Physics-Informed Deep Learning of Rate-and-State Fault Friction
Cody Rucker, Brittany A. Erickson

TL;DR
This paper develops a physics-informed neural network framework for modeling and inferring fault friction parameters in earthquake simulations, integrating physical constraints to improve accuracy and physical realism.
Contribution
It introduces a multi-network PINN approach for both forward modeling and inverse parameter estimation in fault dynamics, ensuring physical consistency in seismic hazard assessments.
Findings
PINN accurately approximates solutions to fault motion equations.
Parameter inference network outperforms displacement network in accuracy.

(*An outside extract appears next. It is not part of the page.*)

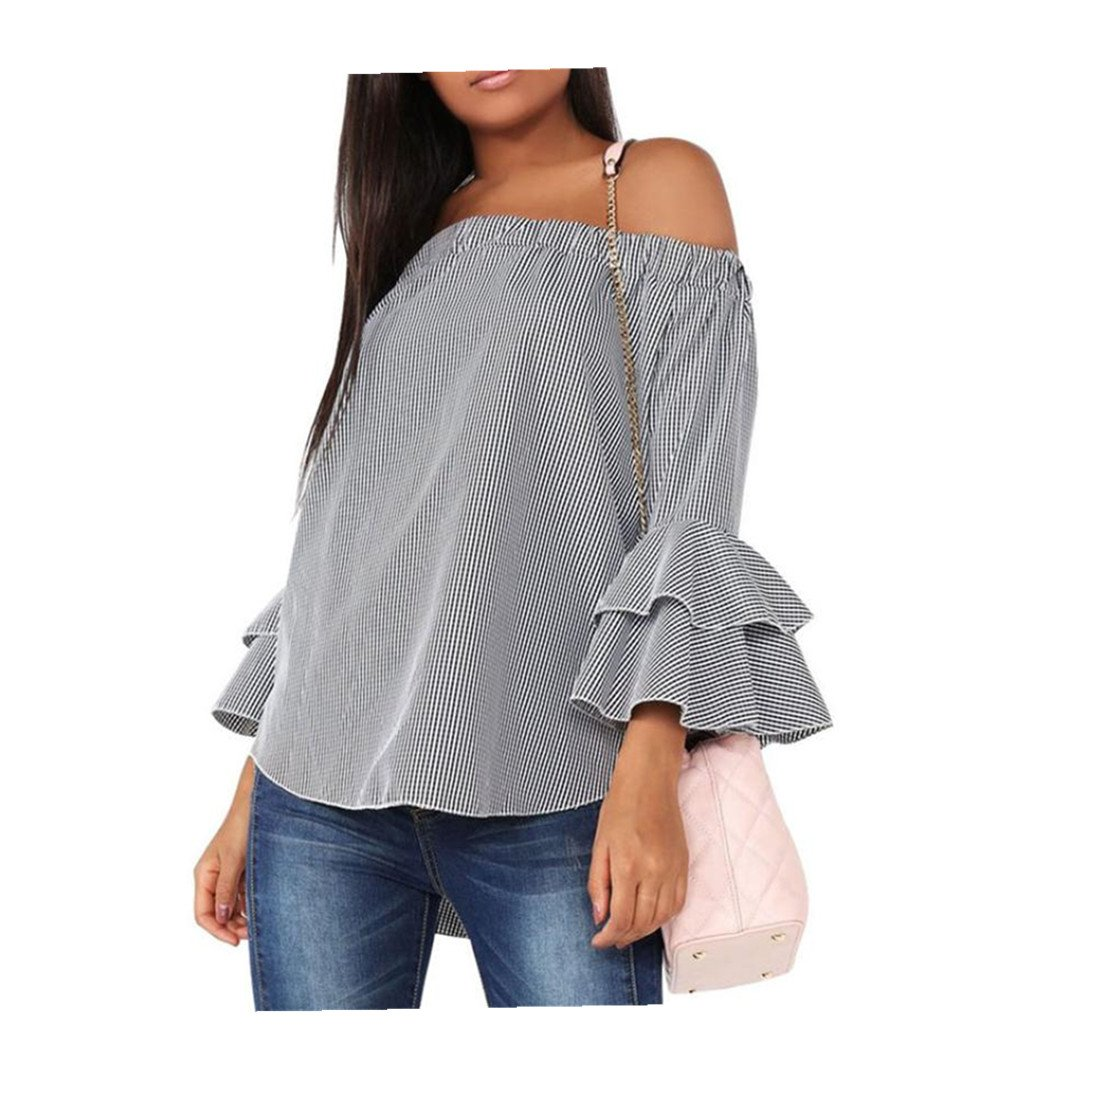 Fheaven Women Bell Long Sleeve Blouse Plaid Shirt Off Shoulder Tops (XL, Gray)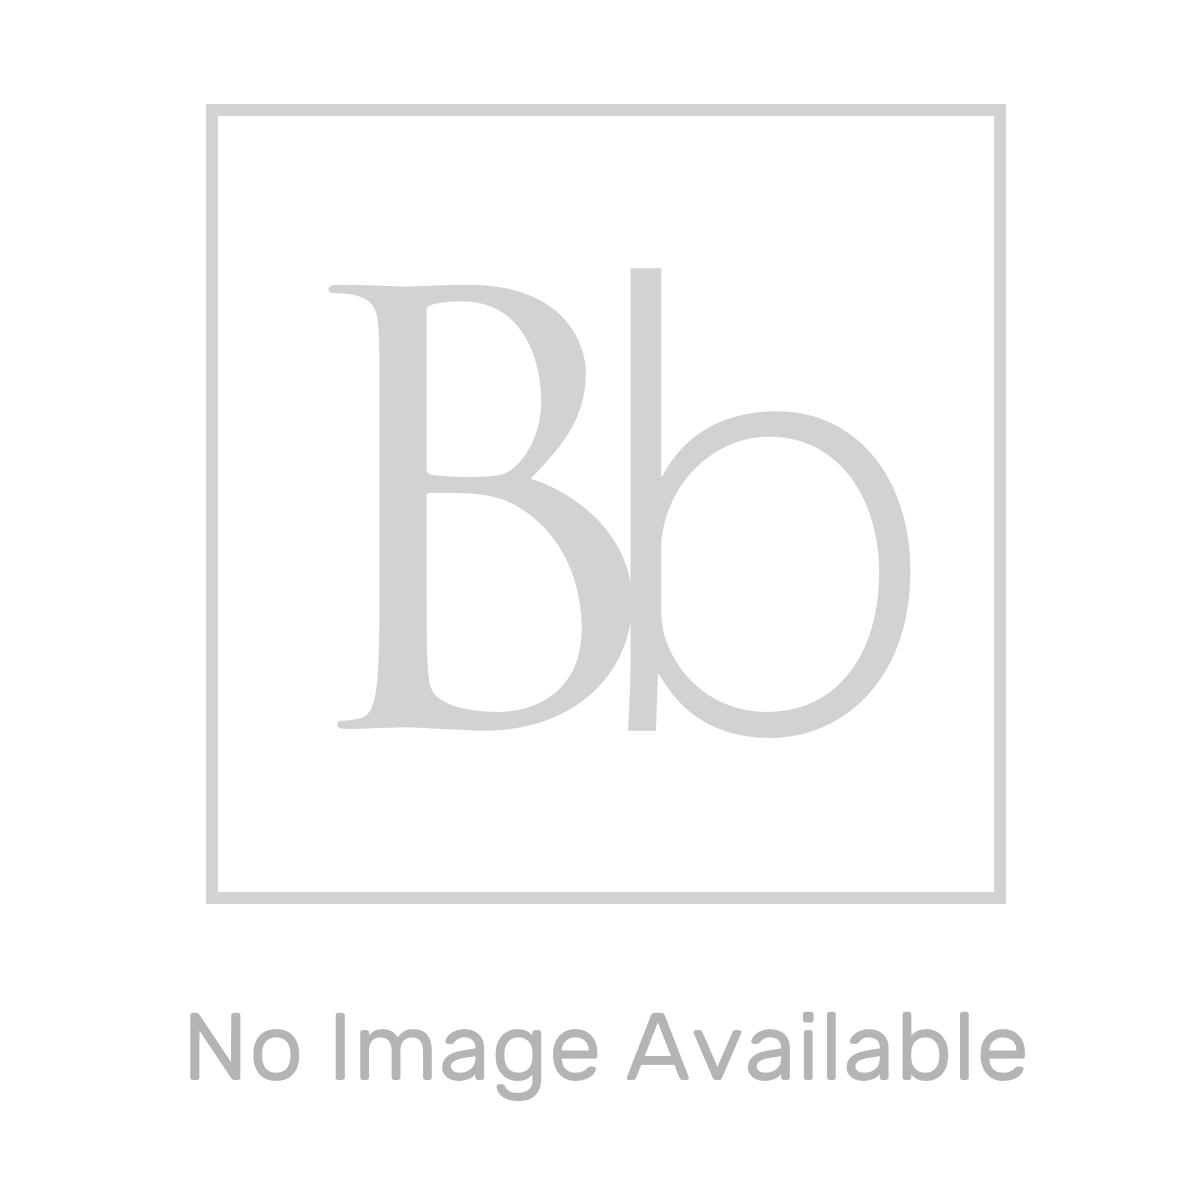 RAK Feeling Black Rectangular Shower Tray 1700 x 700mm

Additional training improves inverse problem robustness.
Abstract
Direct observations of earthquake nucleation and propagation are few and yet the next decade will likely see an unprecedented increase in indirect, surface observations that must be integrated into modeling efforts. Machine learning (ML) excels in the presence of large data and is an actively growing field in seismology. However, not all ML methods incorporate rigorous physics, and purely data-driven models can predict physically unrealistic outcomes due to observational bias or extrapolation. Our work focuses on the recently emergent Physics-Informed Neural Network (PINN), which seamlessly integrates data while ensuring that model outcomes satisfy rigorous physical constraints. In this work we develop a multi-network PINN for both the forward problem as well as for direct inversion of nonlinear fault friction parameters, constrained by the physics of motion in the solid Earth, which…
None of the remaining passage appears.